Here are the resulting fits:

``````plot(dat\$z, dat\$y, col = 'grey80', type = 'l', lwd = 1, xlab = "years", ylab = "Abundance", las = 1)

lines(dat\$z, m1\$summary.fitted.values\$mean, col = "skyblue", lwd = 2)
lines(dat\$z, m2\$summary.fitted.values\$mean, col = "steelblue", lwd = 2)
lines(dat\$z, m3\$summary.fitted.values\$mean, col = "darkblue", lwd = 2)

legend('topright', legend = c("data", "theta1 = 0.01", "theta1 = 0.05", "theta1 = 1"),
lty = 1, col = c("grey80", "skyblue", "steelblue", "darkblue"), lwd = 2)
`````` The exact value to use for theta1 will vary depending on our data. If
the data are more informative (e.g. a longer time-series) we will have
to use a smaller value to create a smoother fit.

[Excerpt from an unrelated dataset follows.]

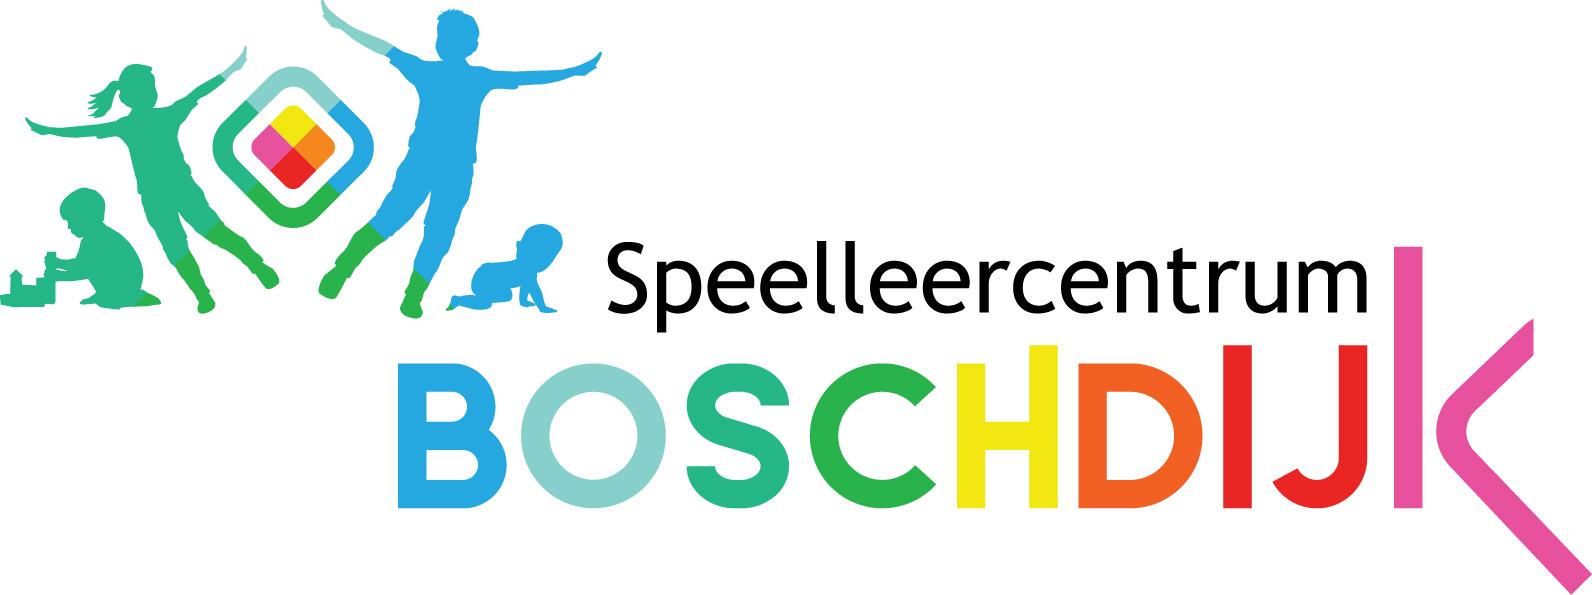 Speelleercentrum Boschdijk_rgb

``````dat2 <- list(y = dat\$y[1:40], z = 1:40)
m4 <- inla(f2,family = "nbinomial", data  =  dat2,
control.predictor = list(compute = TRUE, link = 1)
)
plot(dat\$z, dat\$y, col = 'grey80', type = 'l', lwd = 1, xlab = "years", ylab = "Abundance", las = 1)

lines(dat\$z, m2\$summary.fitted.values\$mean, col = "skyblue", lwd = 2)
lines(dat2\$z, m4\$summary.fitted.values\$mean, col = "steelblue", lwd = 2)

legend('topright', legend = c("data", "theta1 = 0.05, 50 data points", "theta1 = 0.05, 40 data points"),
lty = 1, col = c("grey80", "skyblue", "steelblue"), lwd = 2)
`````` And that is pretty much it. I haven’t read how to choose the ‘optimal’
value of theta, but presumably one could do it with cross validation or
perhaps a model selection measure. Message me on
Twitter if you have seen an example
of doing this.

It is amazing to see how the use of priors in statistics has changed
since I first learned about Bayesian statistics. It used to be that you
would use informative priors only if you had strong prior beliefs about
a parameter estimate, such as from expert elicitation, or repeat
experiments. If you didn’t have strong prior beleifs, then the view (at
least amongst many ecologists) was that it was most cautious to use a
highly uninformative prior like the good old Winbugs gamma(0.01, 0.01)
prior that was used for precision parameters.

Now the experts are encouraging us to use weakly informative priors,
even when little prior evidence is available. The case being that too
broad a prior can slow computations and result in ridiculous results.
Consider the broad gamma(0.01, 0.01) prior: it amounts to giving equal
weight to a standard deviation of 1 as it does to an SD of 10000. The
end result is that this ‘uninformative prior’ can bias your estimates of
the SD to be too high.

As demonstrated here, another nice feature of informative priors is they
can be used to control ‘shrinkage’. Here by varying theta1 we could
shrink our model fit towards a base case model (e.g. a null hypothesis)

Introduction of Simpson et al. Penalized Complexity Priors
pub
. Other good general guidance can
be found on the STAN
wiki
.

There is clearly a lot more fun we can have by playing around with
priors. I anticipate that applied scientists, like my ecological
colleagues, will soon start paying much more attention to prior choice.